The central bank is also paying keen attention to rising household debts, which could help domestic demand weaken.

Household loans extended by banks in South Korea rose for the seventh straight month in October, led by rising home-backed loans amid high borrowing costs.

Banks' outstanding household loans reached a record high of 1,086.6 trillion won (US$833.6 billion) at end-October, up 6.8 trillion won from a month earlier, accelerating from a 4.8 trillion-won rise the previous month and marking an on-month increase for the seventh month in a row.

The BOK's rate freeze also came in the face of the rate difference with the United States widening.

Higher rates in the U.S. are feared to prompt money outflows from South Korea, thereby weakening the local currency against the dollar and exerting upward inflation pressure by making imports more expensive.

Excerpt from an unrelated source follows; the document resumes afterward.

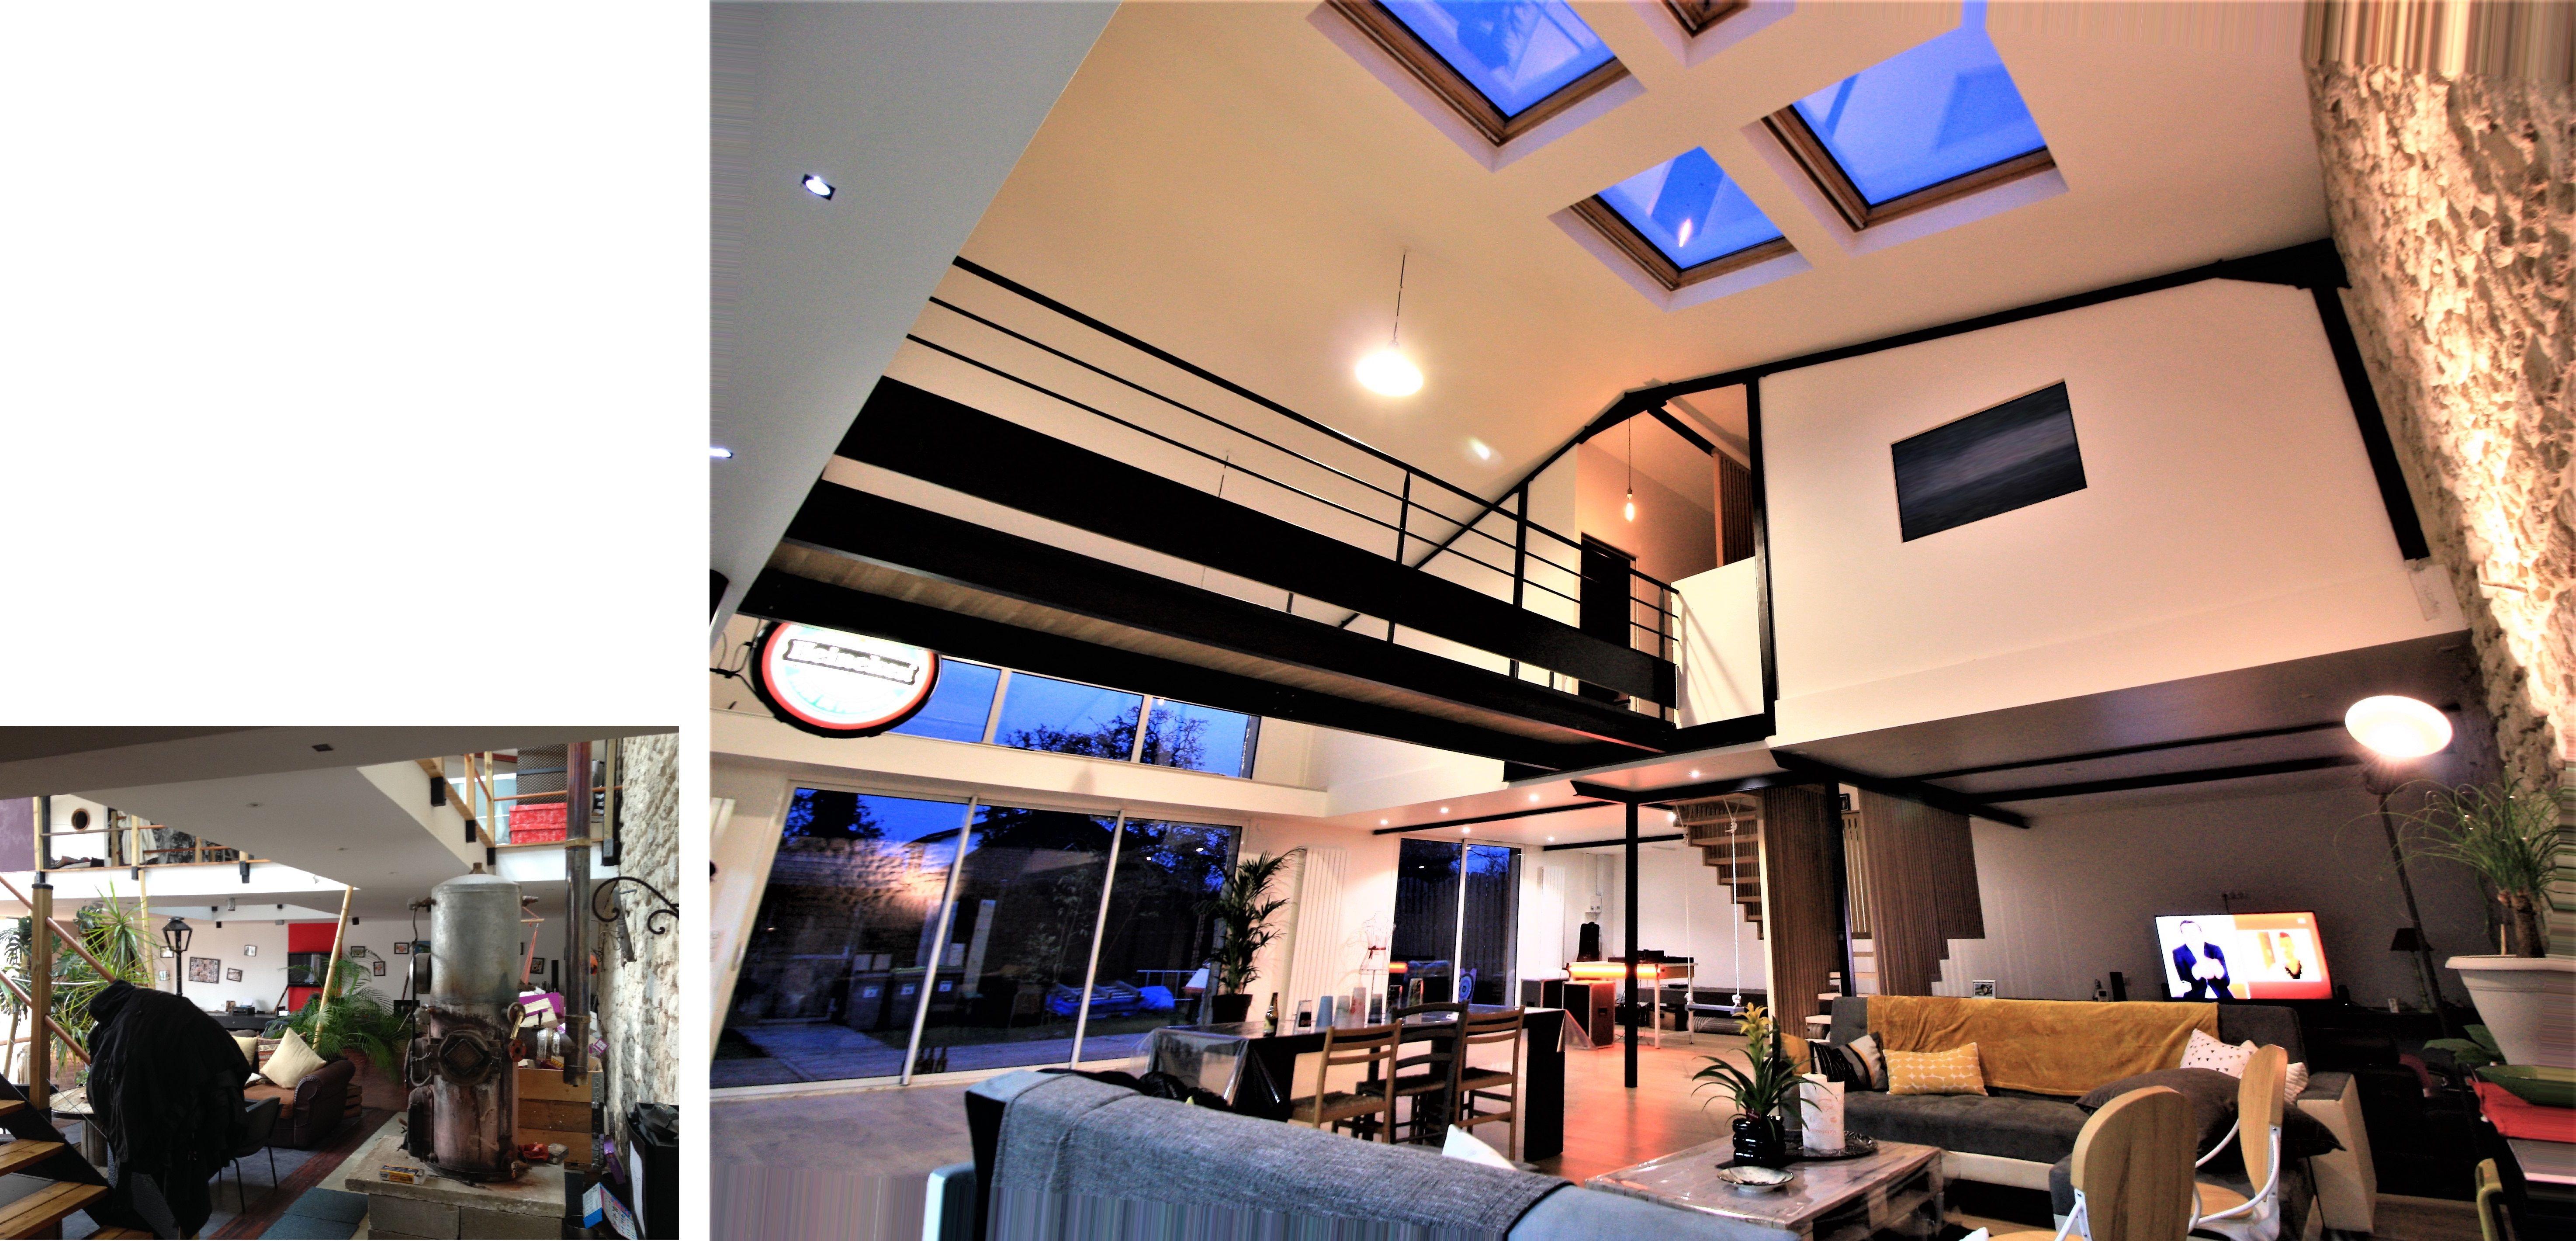 Boddaert interieur architecte interieur lille nord architecte interieur decorateur et - Architecte d interieur lille ...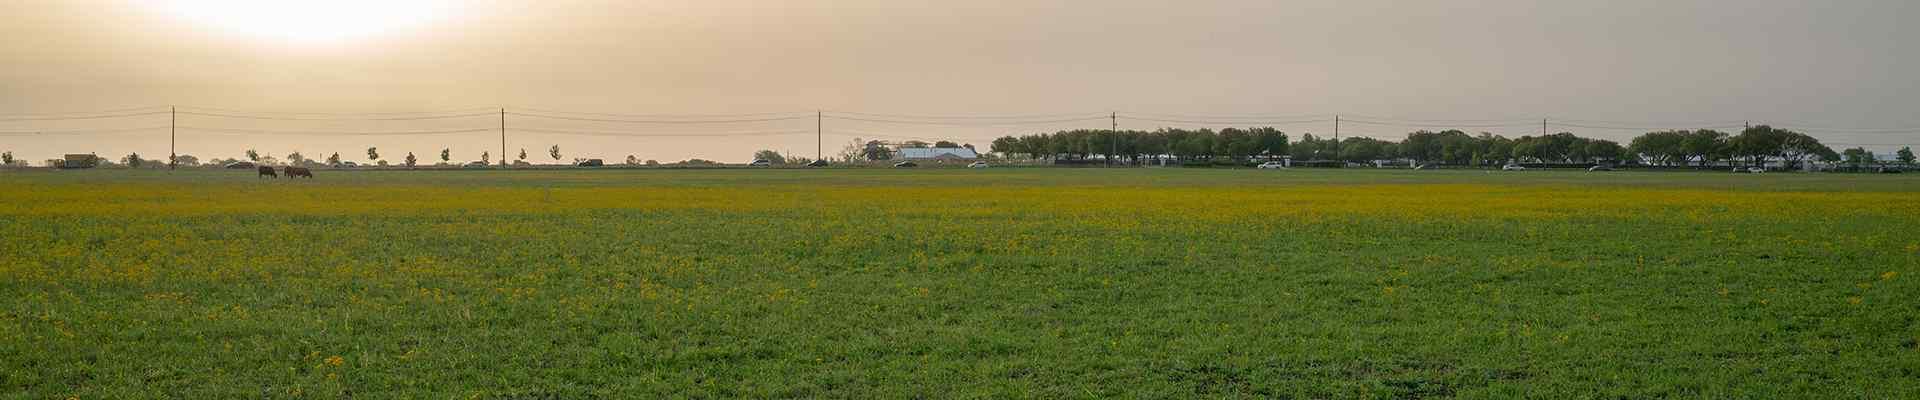 large open field in murphy texas

Early this month, the Fed held its benchmark lending rate steady at a 22-year high for the second consecutive time as it keeps striving to bring down inflation to its 2 percent target.

The Fed kept the rate between 5.25 and 5.50 percent, but it left open the possibility of a rate change later to achieve "maximum" employment and its inflation target.

The Fed started its aggressive campaign of rate hikes in March last year to tame inflation.

Next month, the Fed is widely expected to stand pat again.